▶ **Raw data**:
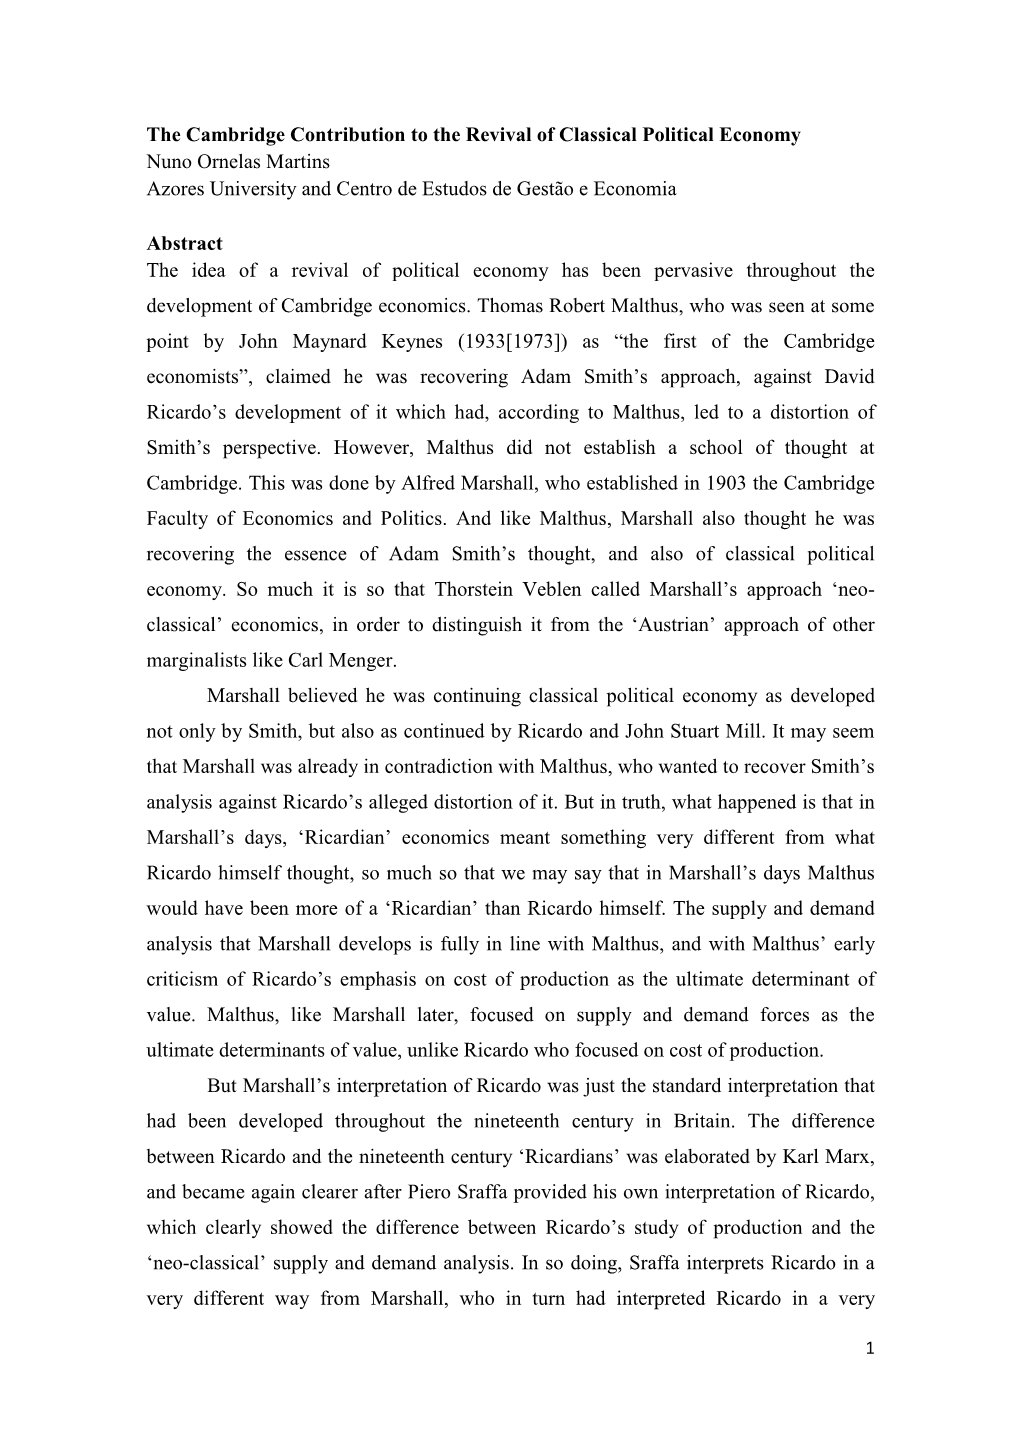 The Cambridge Contribution to the Revival of Classical Political Economy Nuno Ornelas Martins Azores University and Centro De Estudos De Gestão E Economia
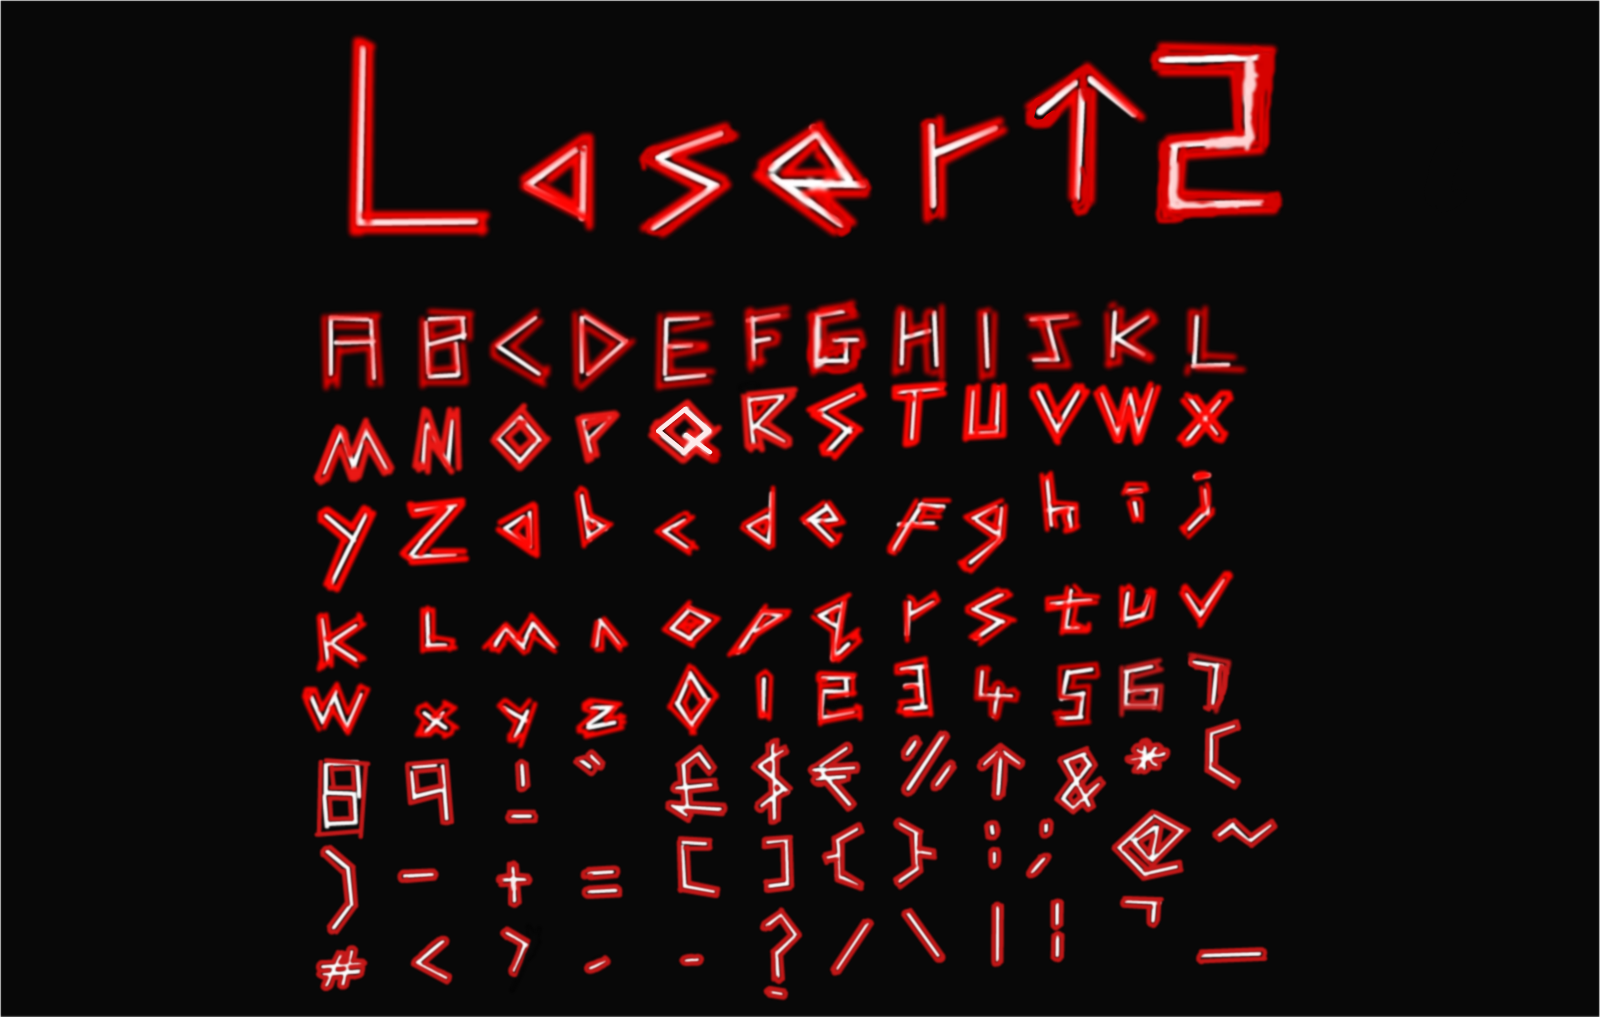 Font Challenge; Laser^2
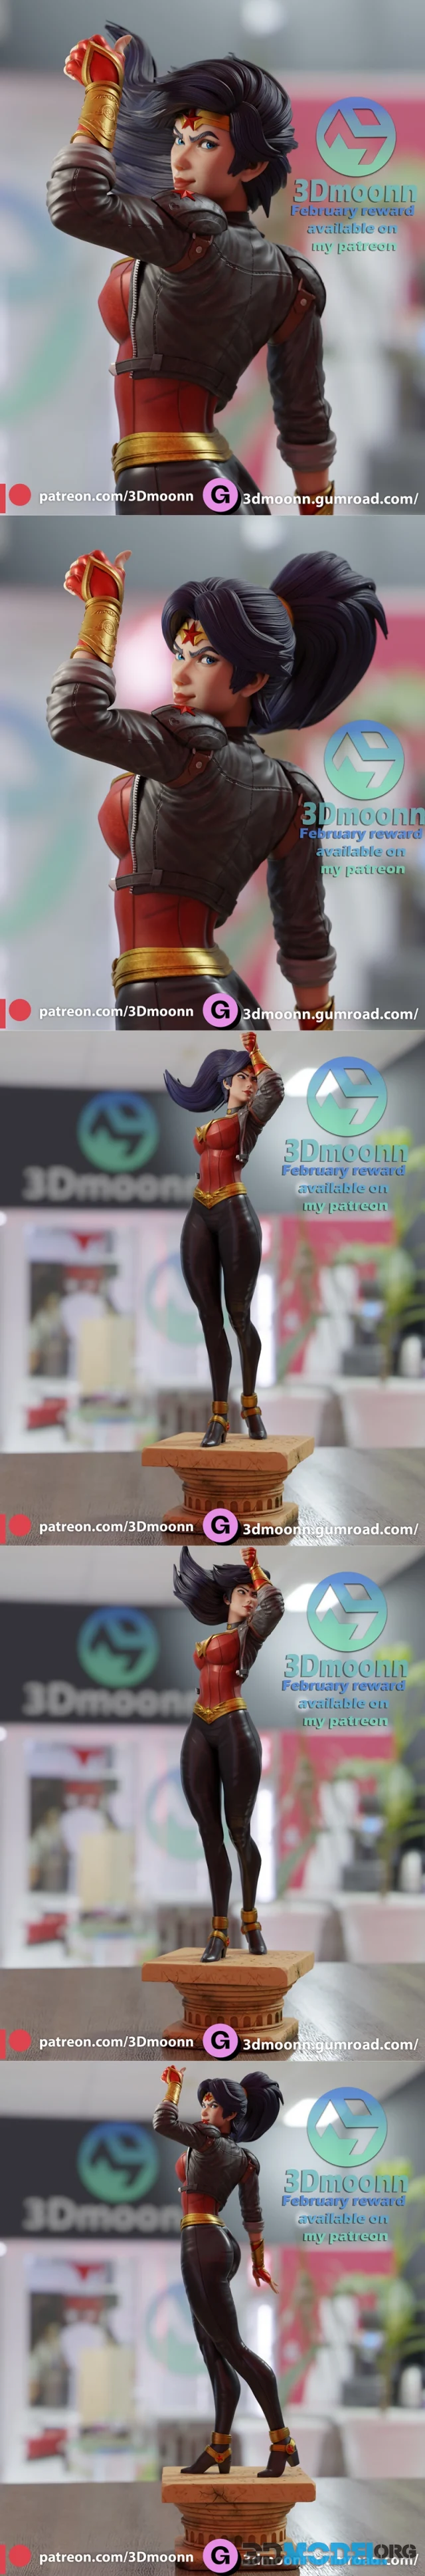 Wonder Woman - 3Dmoonn – Printable

▶ **Your instructions**: No pictures belong in the copy; quote exactly the lines from the line containing "Font Challenge; Laser^2" through the final line of the material, both ends included.

▶ **Written response**:
 Font Challenge; Laser^2
 Wonder Woman - 3Dmoonn – Printable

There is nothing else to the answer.